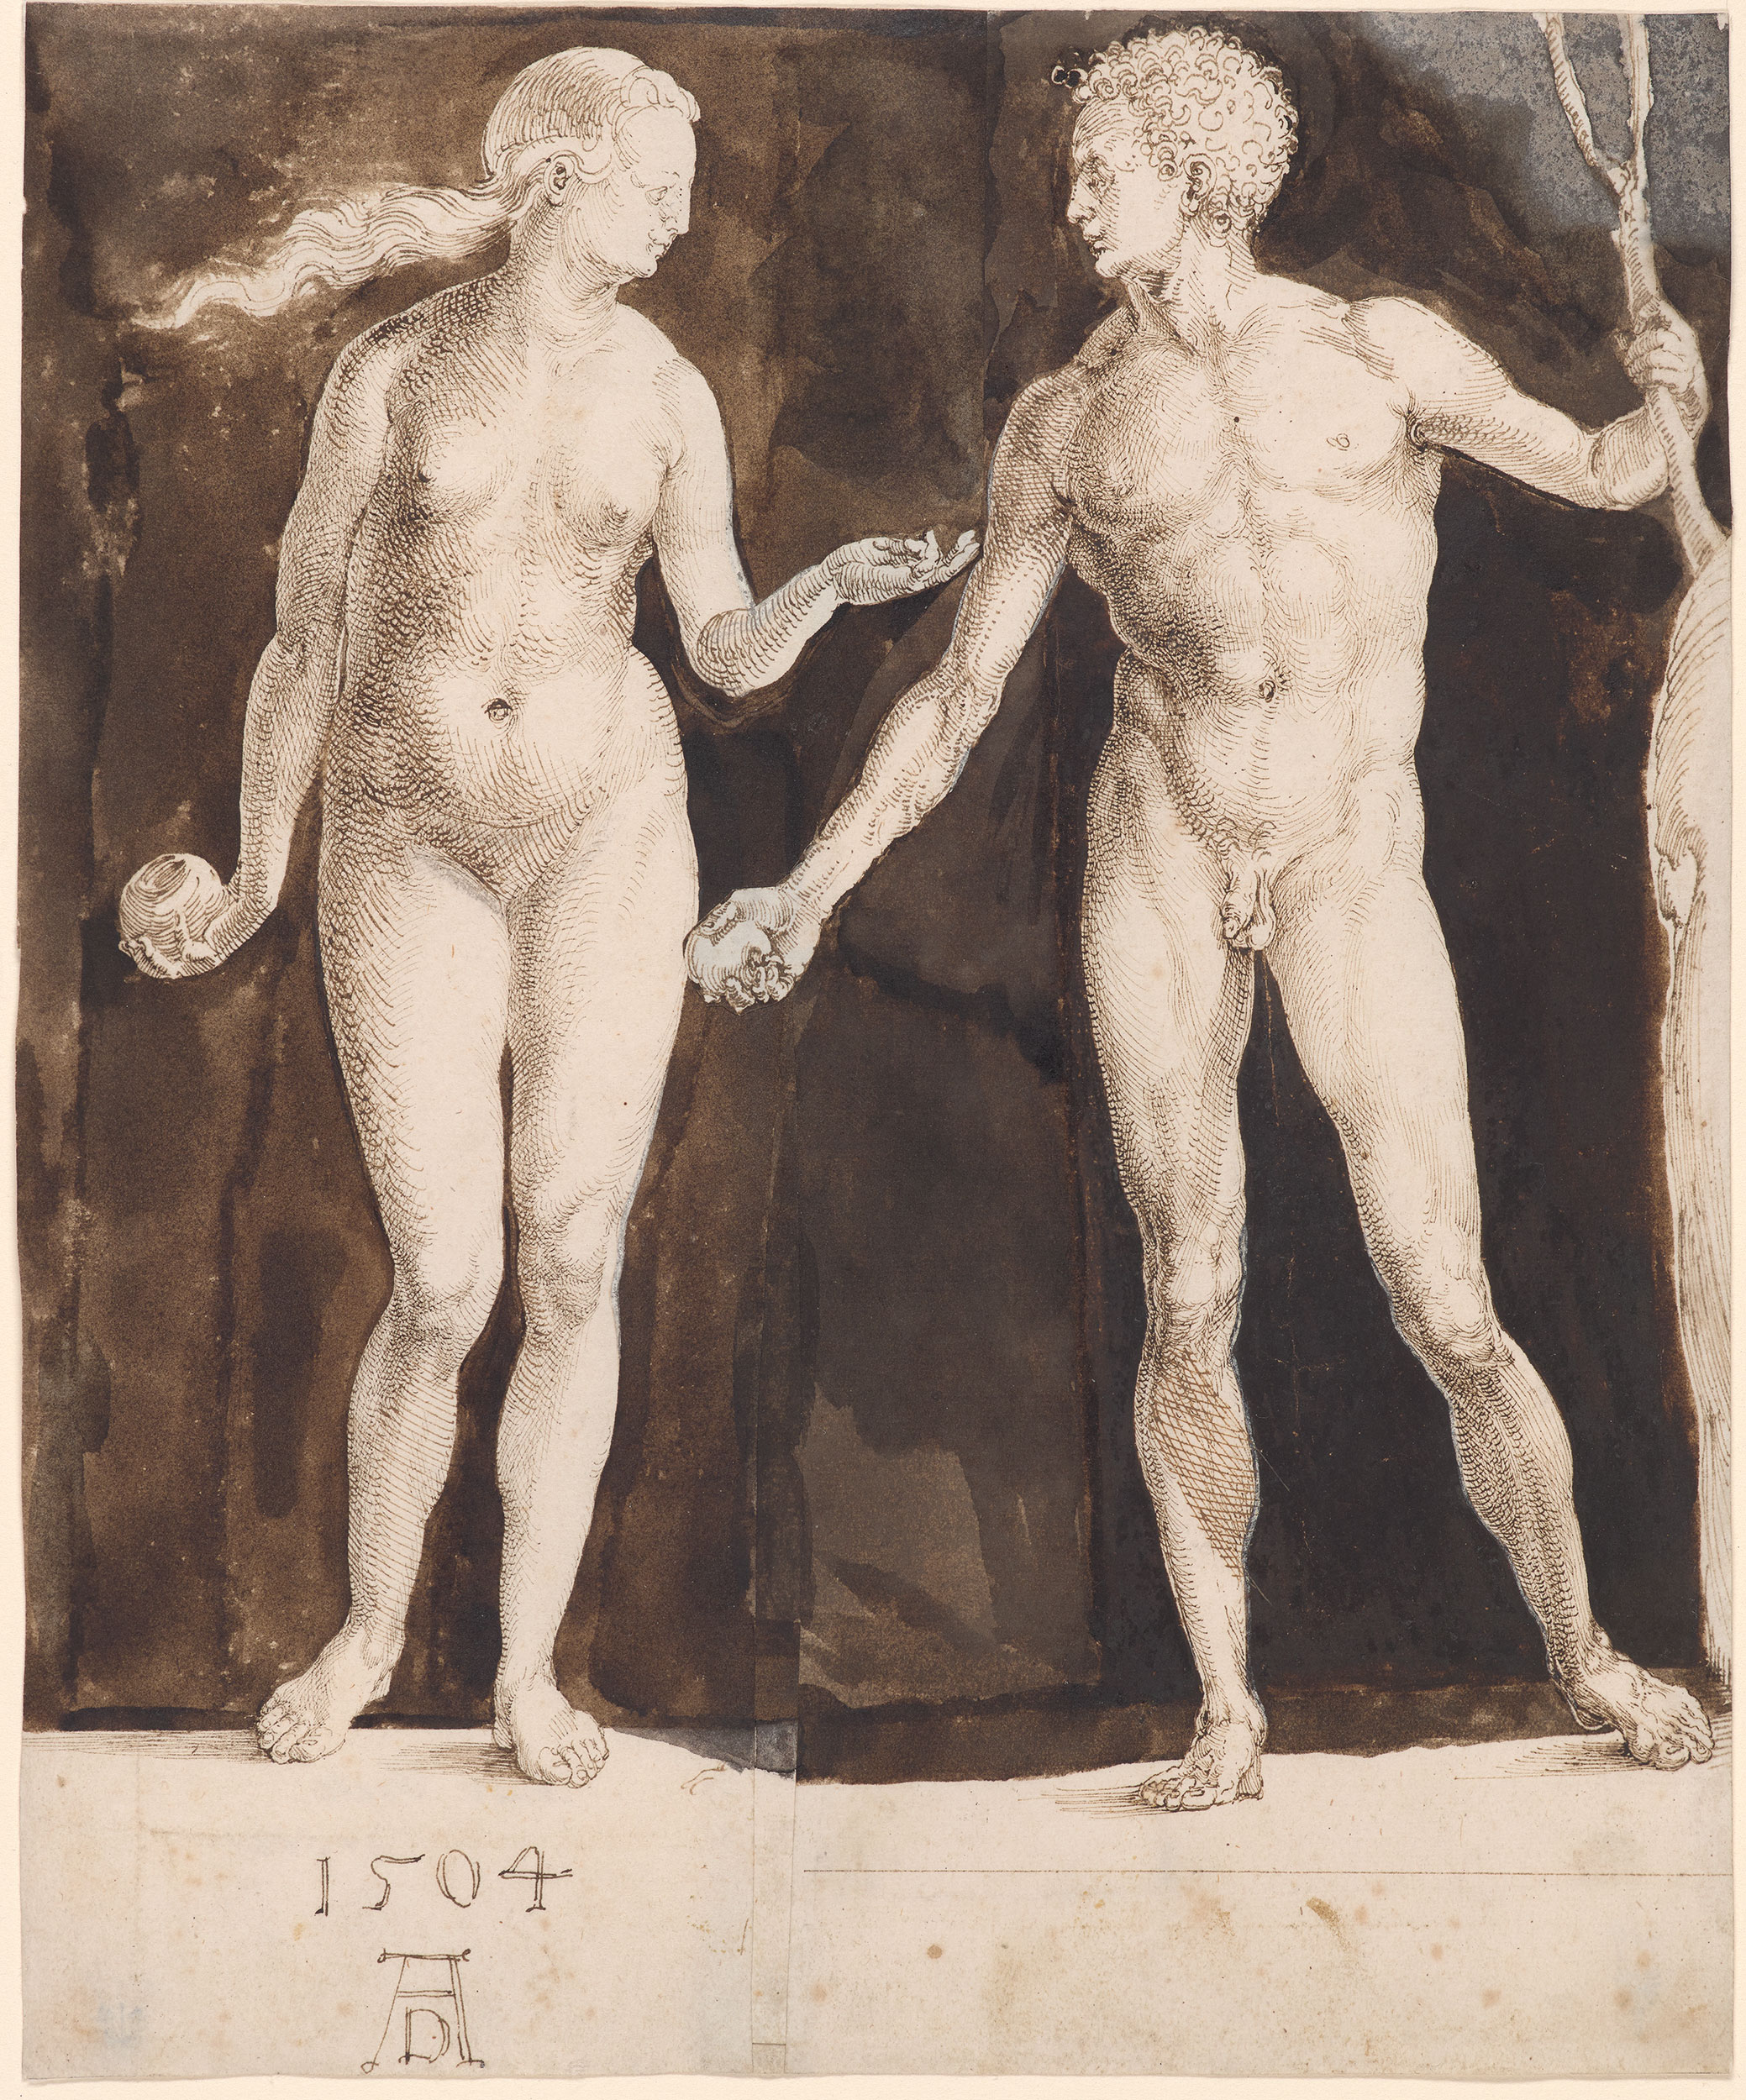 Adam and Eve by Albrecht Dürer - 1504 - 242 x 201 mm The Morgan Library & Museum
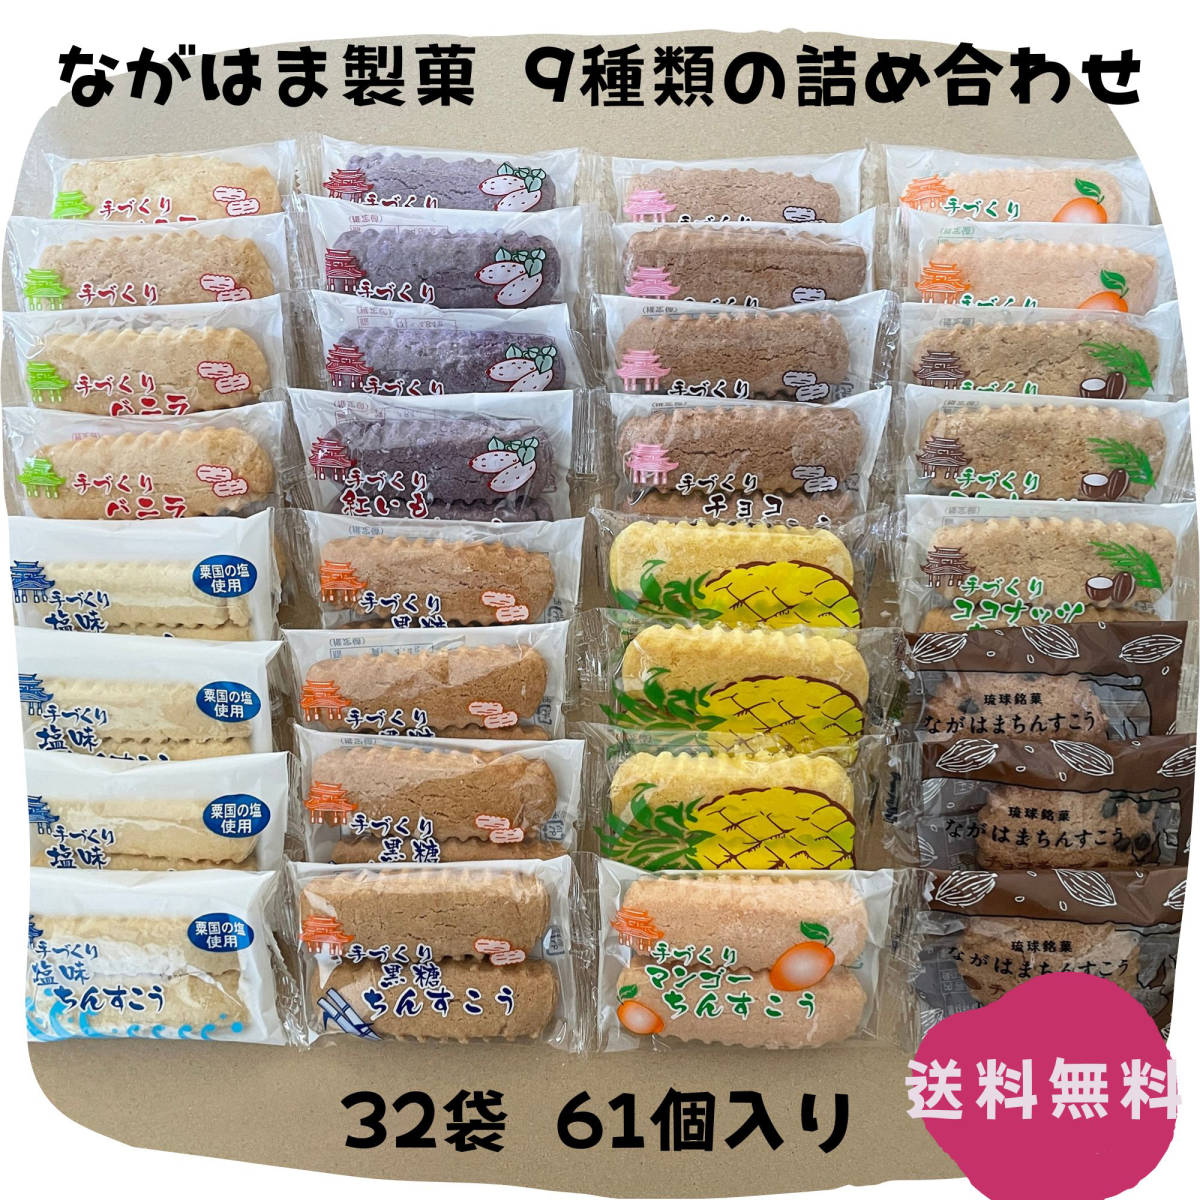 ちんすこう 9種類の詰め合わせA 32袋 61個 沖縄銘菓 ながはま製菓 お土産 お取り寄せ JChere雅虎拍卖代购
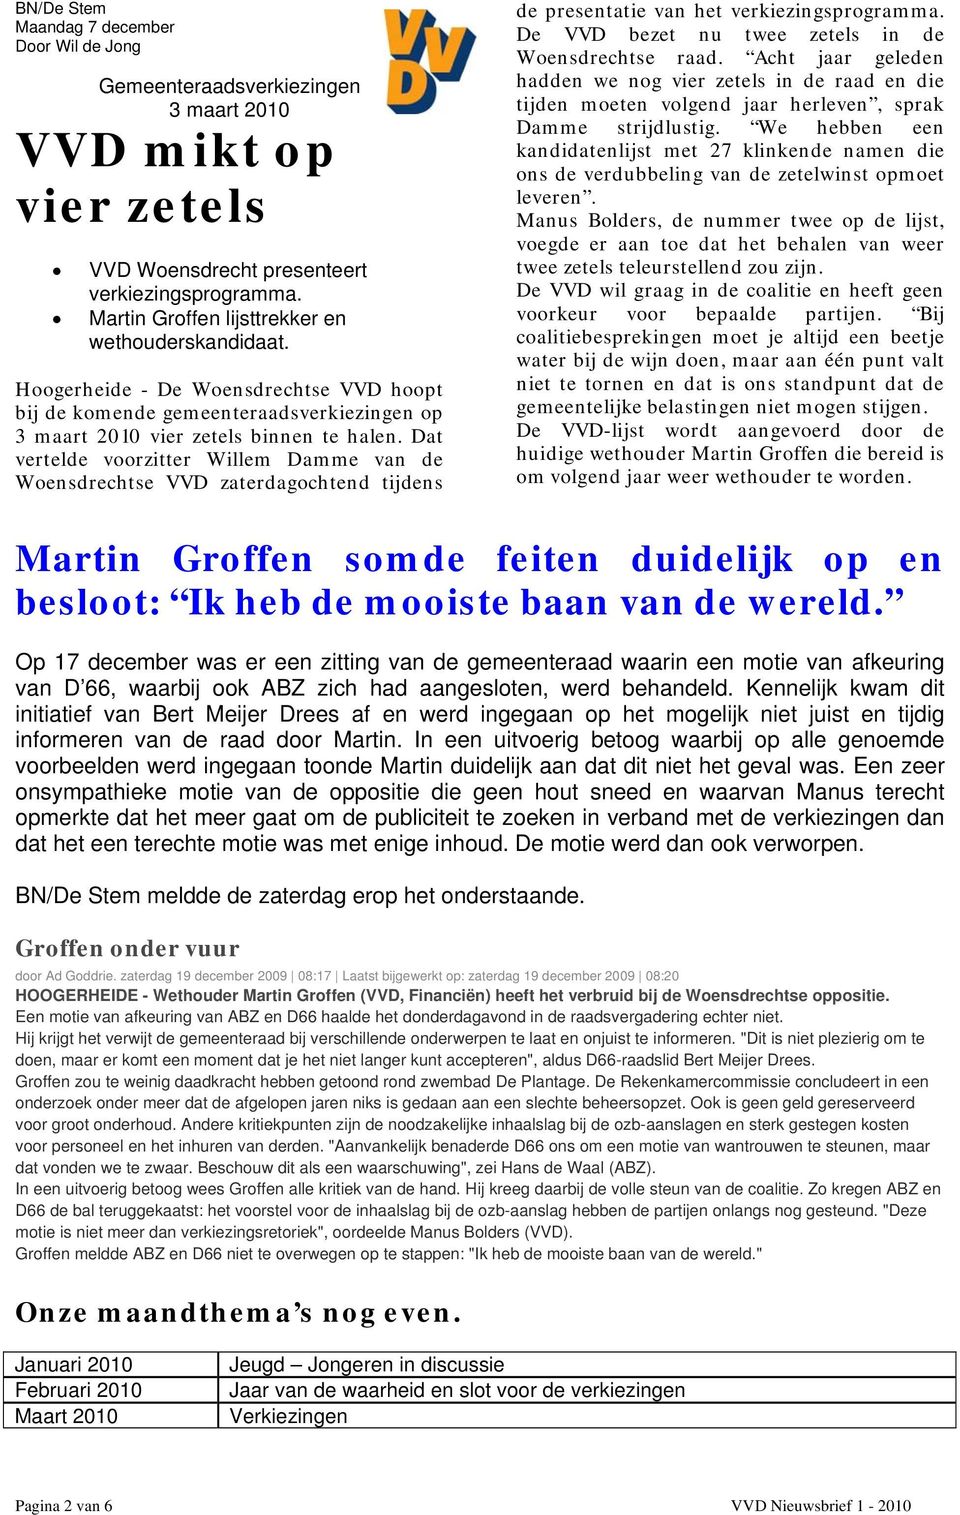 Dat vertelde voorzitter Willem Damme van de Woensdrechtse VVD zaterdagochtend tijdens de presentatie van het verkiezingsprogramma. De VVD bezet nu twee zetels in de Woensdrechtse raad.

[REQUIREMENT]: Exclude every picture and restate the listing word for word.

[SOLUTION TO THIS EXERCISE]:
 Adam and Eve by Albrecht Dürer - 1504 - 242 x 201 mm The Morgan Library & Museum
 ちんすこう 9種類の詰め合わせA 32袋 61個 沖縄銘菓 ながはま製菓 お土産 お取り寄せ JChere雅虎拍卖代购
 Dat vertelde voorzitter Willem Damme van de Woensdrechtse VVD zaterdagochtend tijdens de presentatie van het verkiezingsprogramma. De VVD bezet nu twee zetels in de Woensdrechtse raad.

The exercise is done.